Earlier this year, Small fishes have been found on the streets of Yowah in Western Queensland after record-breaking rainfall in the region. Experts say that it is unlikely the fish fell from above and they are more likely to have escaped from previously dried-up waterholes
In Goulburn, Australia, 120 miles from Sydney, residents recently described seeing “this tunnel of webs going up for a couple of hundred meters into the sky.”
The town was transformed into one big web-covered haunted house as black baby spiders fell from the air like snow.
In September 1969, in Florida, golf balls rained from heaven.
The St. Petersburg Times reported that “dozens and dozens and dozens” of golf balls fell from the sky and littered the streets of Punta Gorda, Florida following a heavy downpour.
The balls baffled the waterfront community; no golf courses or driving ranges in the area reported any balls missing.
A logical explanation might be that a passing storm had picked up the balls from a local golf course; when the storm dissipated, the balls fell down.

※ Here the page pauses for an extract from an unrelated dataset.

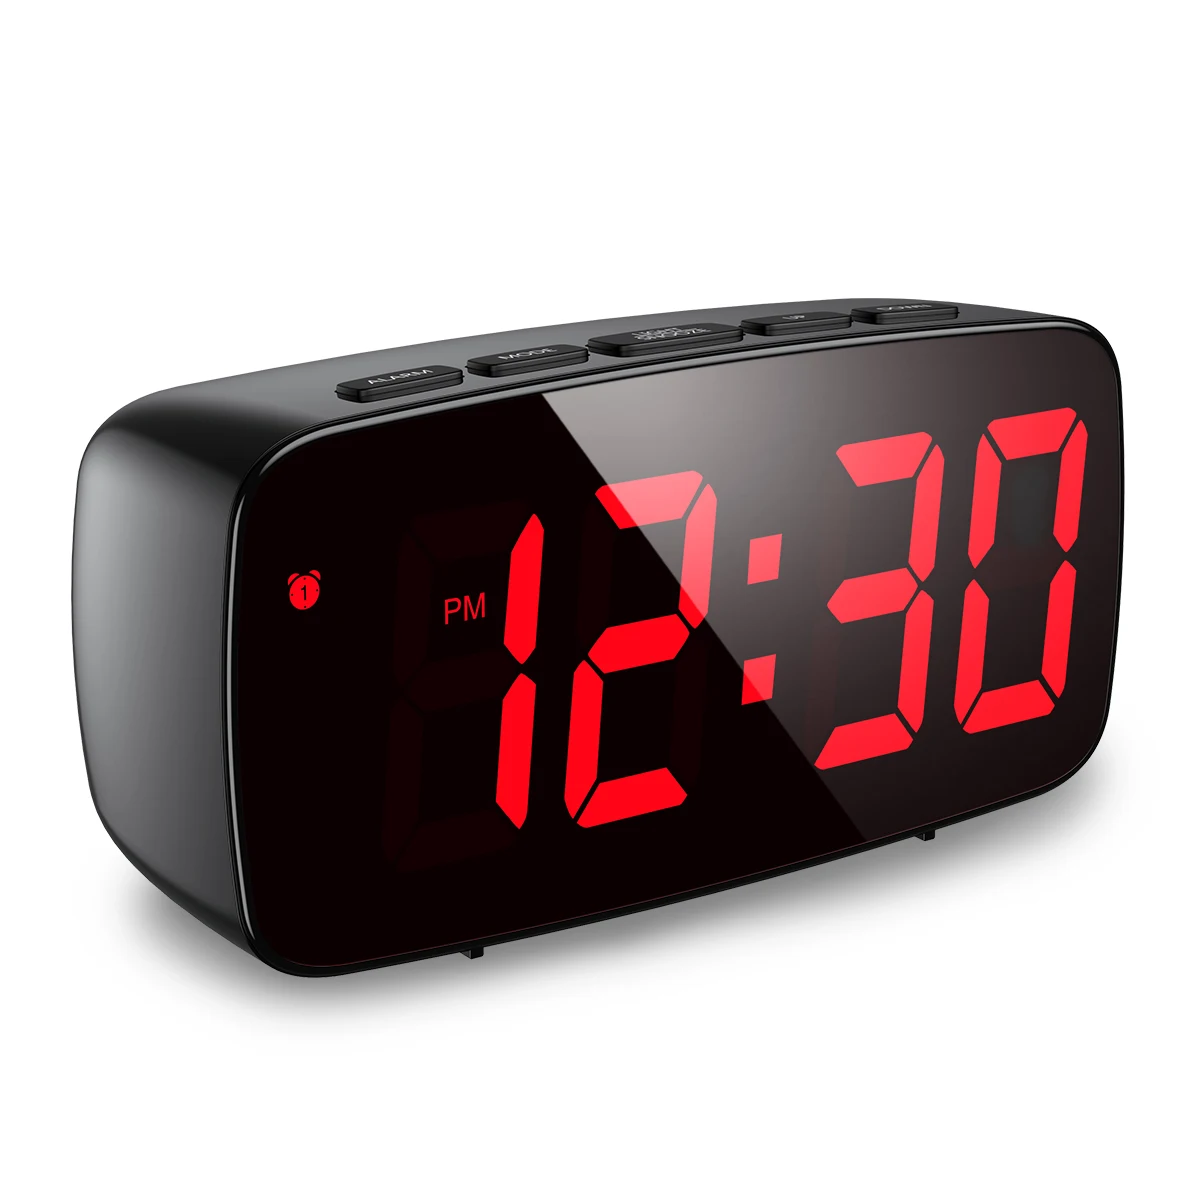 ORIA-Reloj Despertador Digital LED con Control de voz, Despertador de escritorio con...

In southern Norway, it rained worms in 2015. According to Norwegian news service, The Local, the most recent phenomenon was discovered by biology teacher Karstein Erstad while he was skiing in the mountains. He thought they might have crawled through the snow, but rejected this idea, as the snow was over half a metre thick across the mountains.
Another of its kind was also spotted in Scotland by a soccer team at Scotland’s Galashiels Academy. They were sent running indoors when they got pelted with earthworms from the sky in. There were no tornadoes reported in the area, though, and the origin of the wormy rain is still a mystery.
The children had just completed their warm-up when they began to hear “soft thudding” on the ground. The class then looked to the cloudless sky – and saw worms falling on to them.
Their shocked teacher David Crichton found even more of the garden grubs scattered up to 100yds from the site of the bizarre downpour at Galashiels Academy, Selkirkshire.
Waterspouts may also be to blame for the straight-up-Biblical phenomenon of frog rain. On June 7, 2005, thousands of frogs rained on Odzaci, a small town in northwestern Serbia. Climatologist Slavisa Ignjatovic described the phenomenon as “not very unusual” because the strong winds that accompanied the storm could have easily picked up the frogs.
When it rained frogs in Kansas City in 1873, Scientific American concluded that it must have been caused by a tornado or other land-based storm, since there were no swamps or other bodies of water in the vicinity.
Similarly, when it hailed frogs in Dubuque, Iowa on June 16, 1882, scientists speculated that small frogs were picked up by a powerful updraft and frozen into hail in the cold air above earth’s surface.
Although no one has actually witnessed updraft lifting frogs off the ground, the theory is scientifically plausible since updrafts regularly pick up lightweight debris and carry it considerable distances.